The `pandas-gbq` library is a community-led project by the pandas community. The `google-cloud-bigquery` library is the official python library for interacting with BigQuery. The `pandas-gbq` uses `google-cloud-bigquery` to make API calls to BigQuery.

* google-cloud-bigquery==1.20.0
* google-cloud-bigquery-storage==0.7.0
* pandas==0.25.1
* pandas-gbq==0.11.0
* pyarrow==0.14.1

In [None]:
# pandas-gbq
sql = """
    SELECT name
    FROM `bigquery-public-data.usa_names.usa_1910_current`
    WHERE state = 'TX'
    LIMIT 100
"""

# Run a Standard SQL query using the environment's default project
df = pandas.read_gbq(sql, dialect='standard')

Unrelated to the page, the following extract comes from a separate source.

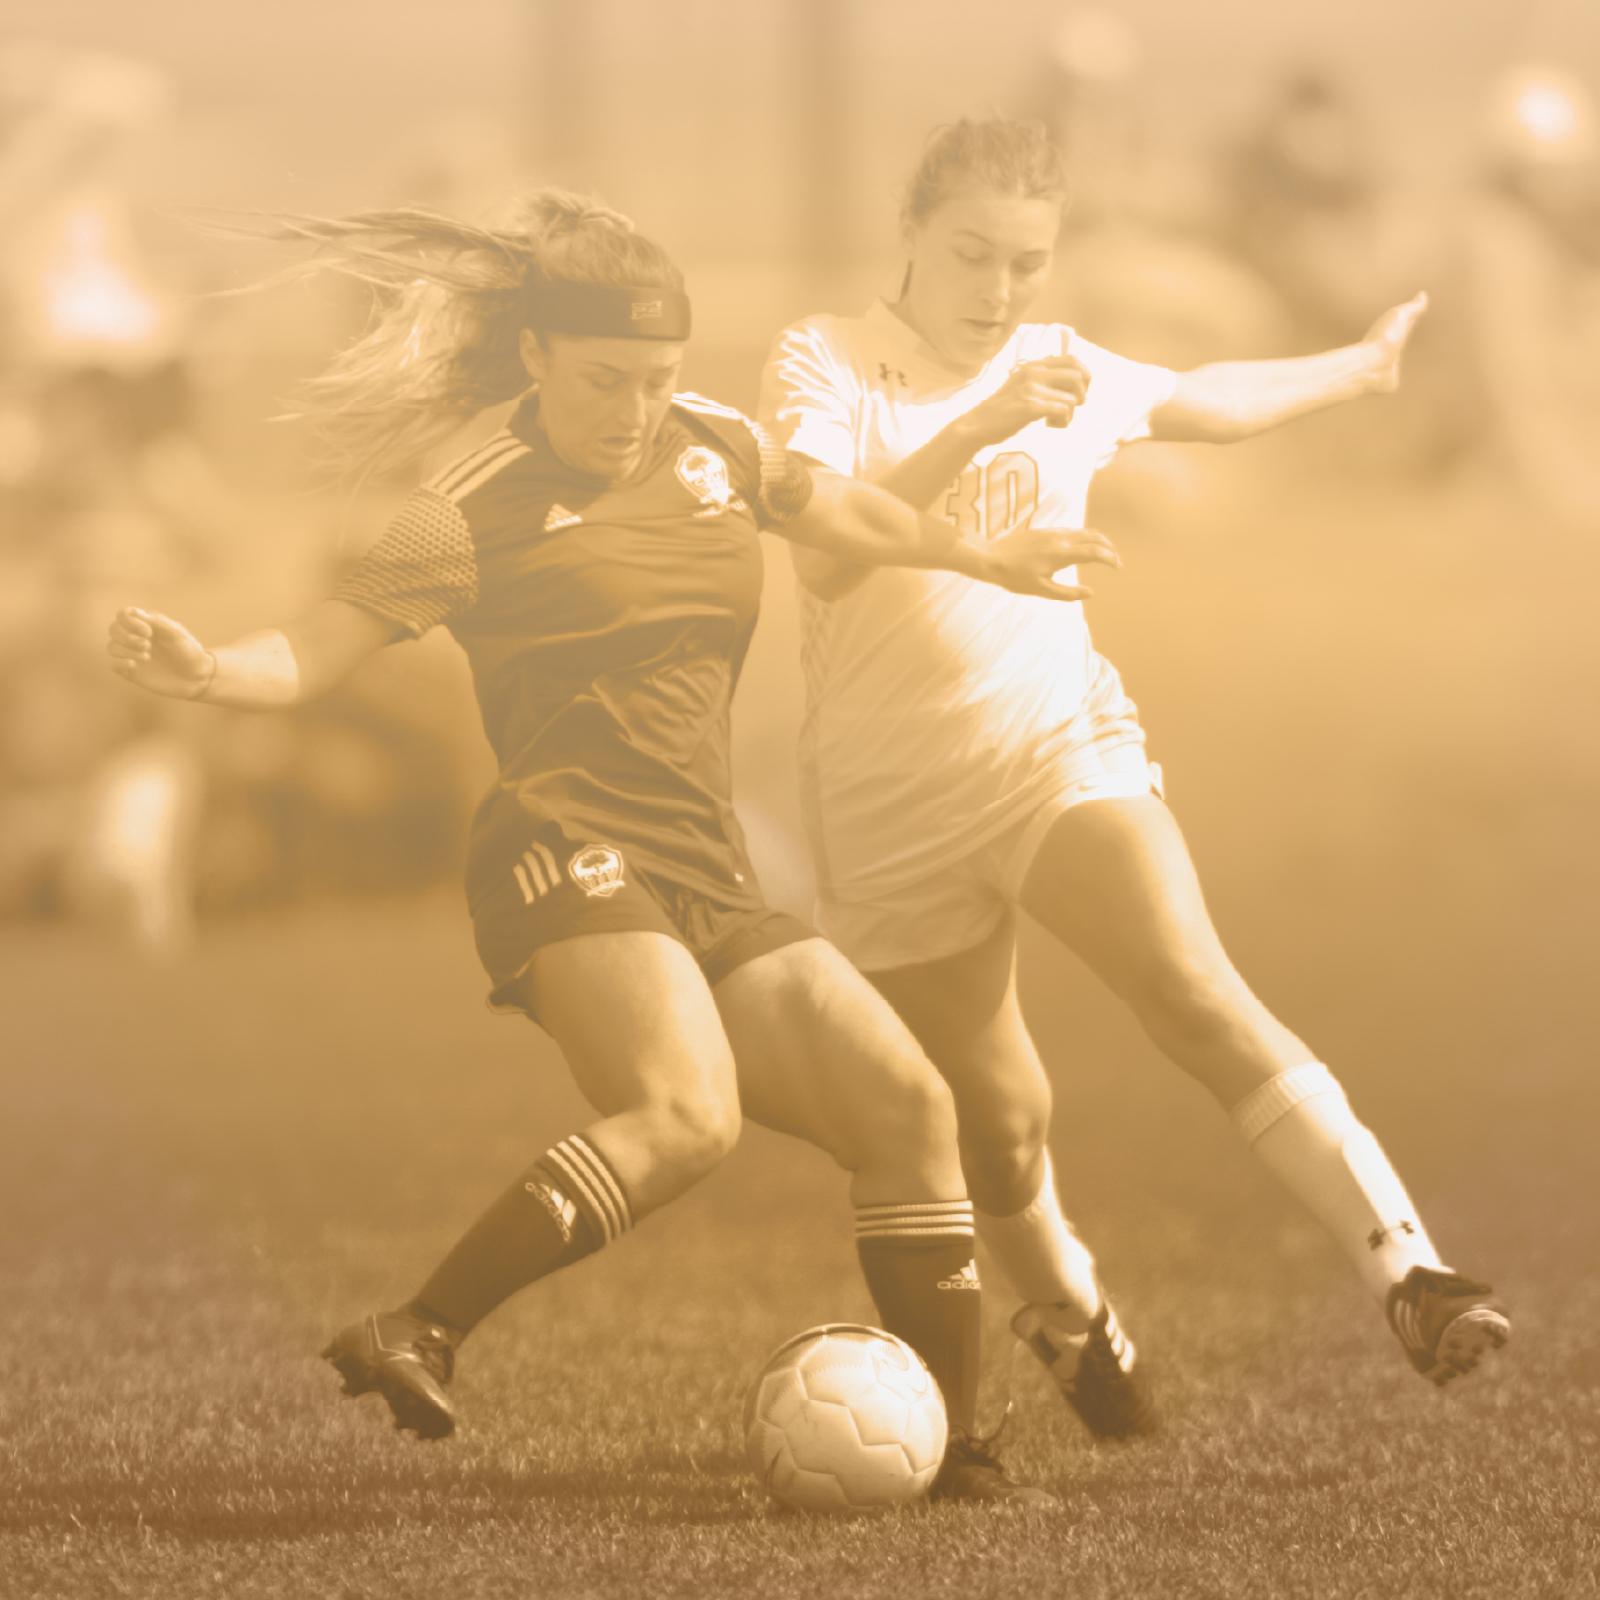 Gold Image Of Girls Playing Soccer

# Run a Standard SQL query with the project set explicitly
project_id = 'your-project-id'
df = pandas.read_gbq(sql, project_id=project_id, dialect='standard')

In [26]:
from google.cloud import bigquery

client = bigquery.Client()
sql = """
    SELECT name
    FROM `bigquery-public-data.usa_names.usa_1910_current`
    WHERE state = 'TX'
    LIMIT 100
"""

# Run a Standard SQL query using the environment's default project
df = client.query(sql).to_dataframe()

# Run a Standard SQL query with the project set explicitly
project_id = 'your-project-id'
df = client.query(sql, project=project_id).to_dataframe()

### Jupyter Notebook

Jupyter notebooks can be used for an interactive data analysis with SQL on a relational database.

In [23]:
import pandas as pd
import sqlalchemy

Now, we will use the `sqlalchemy` library to create an engine needed to connect to the database. This will be required only once per connection string — meaning you won’t have to do it each time when making a connection.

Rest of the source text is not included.